Rabbi Haim Amsallem
Rabbi Haim AmsallemIsrael news photo: Flash 90

Former Shas MK Rabbi Haim Amsallem regrets not joining the Bayit Yehudi party in the last elections, despite offers to do so by the religious Zionist party.

In an interview with Arutz Sheva, Amsallem revealed that before the elections, there were “understandings between members of Bayit Yehudi and myself,” regarding an agreement to join forces. The plan was to have Amsallem run as the sole hareidi candidate on the Bayit Yehudi list. Instead, he ran at the head of an independent list, Am Shalem, which failed to pass the minimum threshold for entering the Knesset.

"I believe that the hareidi and non-hareidi sephardic public is close to the religious Zionist outlook,” he said. “We should not have proceeded in two separate forces. If [secular] MK Ayelet Shaked was able to find her place in Bayit Yehudi... I imagine that the Am Shalem movement could also have done that, and that is a missed opportunity. Mine, and Bayit Yehudi's, too."

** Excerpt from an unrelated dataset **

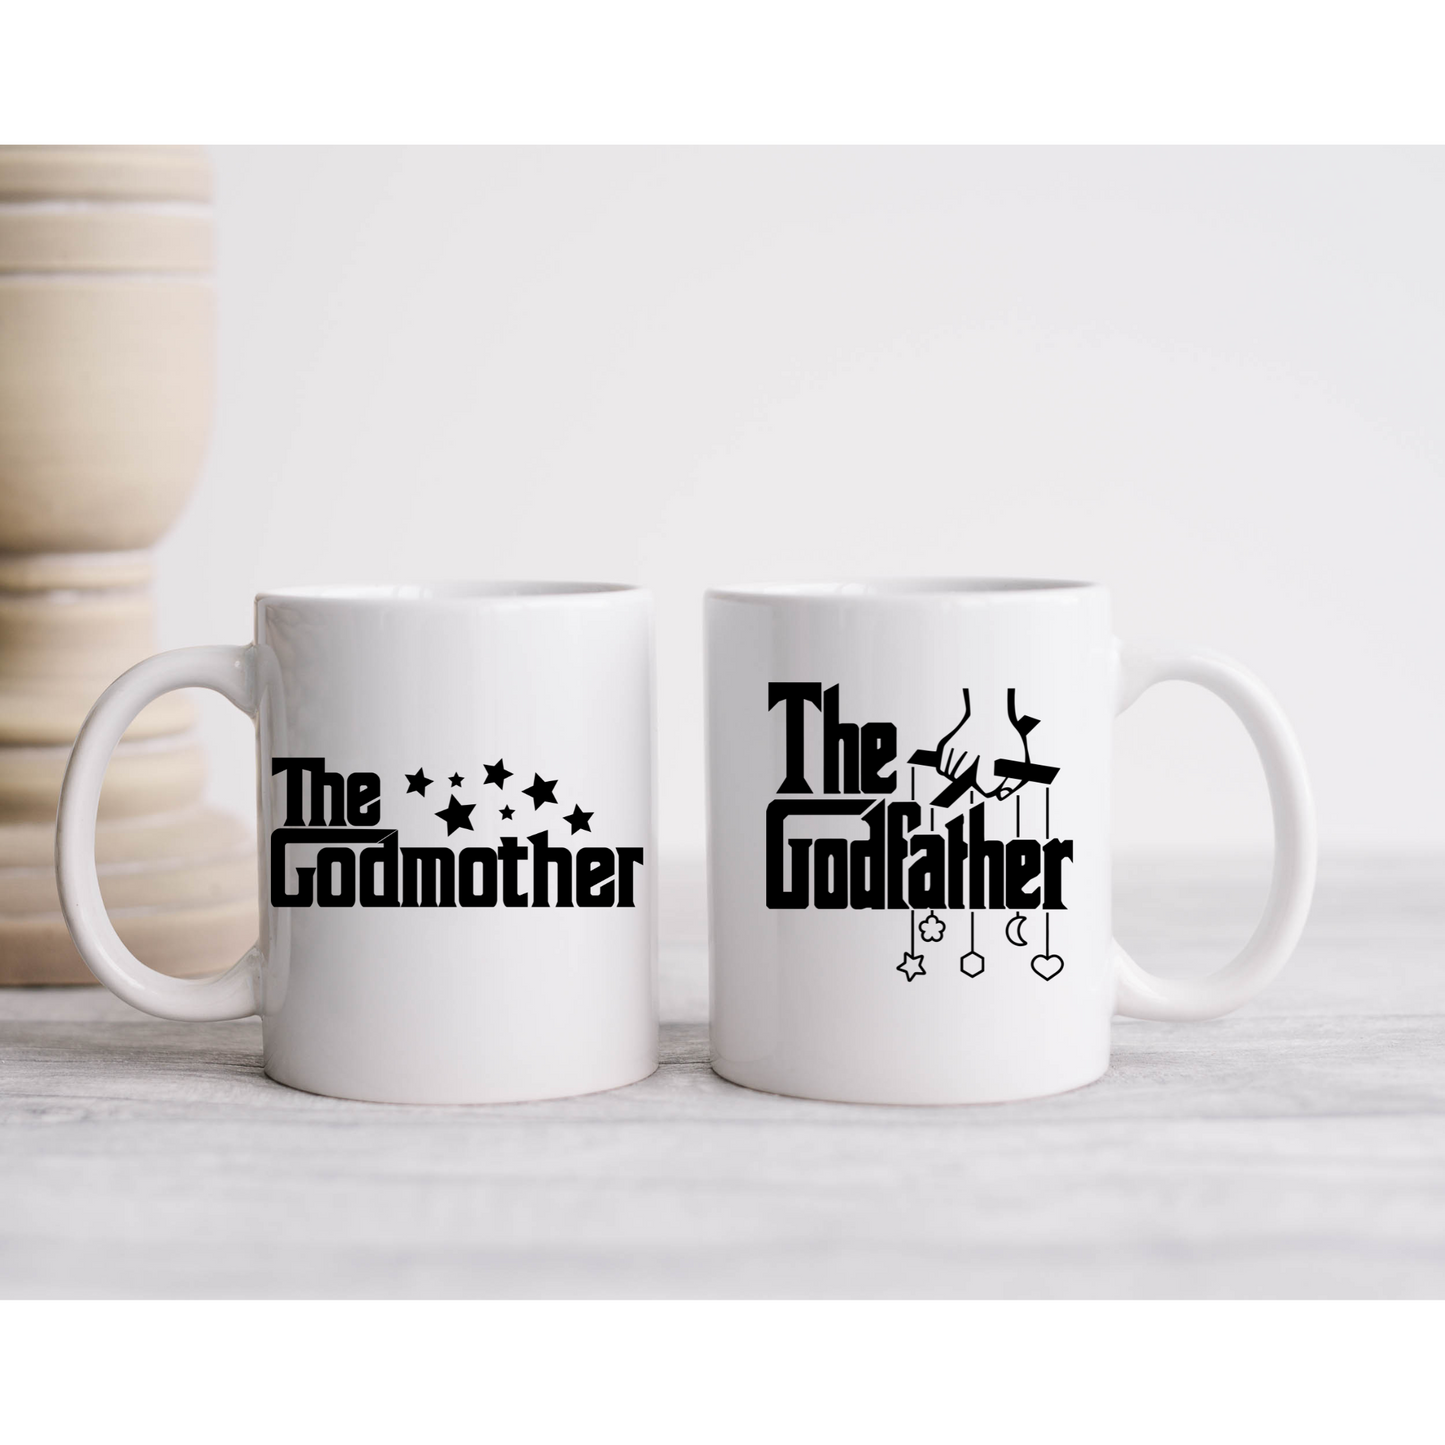 Godmother/Godfather 11oz Ceramic Mug

Amsallem predicted that Shas will shrink in size. “Shas as a magnet for the Sephardic public is at the end of its road,” he said. “Eventually, Shas will turn into a sephardic hareidi party like its Lithuanian twin sister [United Torah Judaism]. This is a public that will stand at two to three Knesset seats.

“The masses of moderate sephardim, most of whom wear knitted kippot, residents of the periphery and the development towns, understand today that it was an illusion, a deception,” he went on. “They understand that Rabbi Ovadia Yosef is the last in the line of Sephardic rabbis, because the other rabbis have already studied in the Ashkenazi yeshivas. They are Sephardim, true, but their path is not the path of Sephardic halakha and legal decisions.”

Amsallem was elected into the 18th Knesset on the Shas list but quickly became a pariah in the party after voicing independent dissenting opinions on issues such as the alleged discrimination against Sephardic girls at a hareidi school in Emanuel, and accusing Sephardic hareidi leaders of kowtowing to the Ashkenazi-Lithuanian hareidi stream.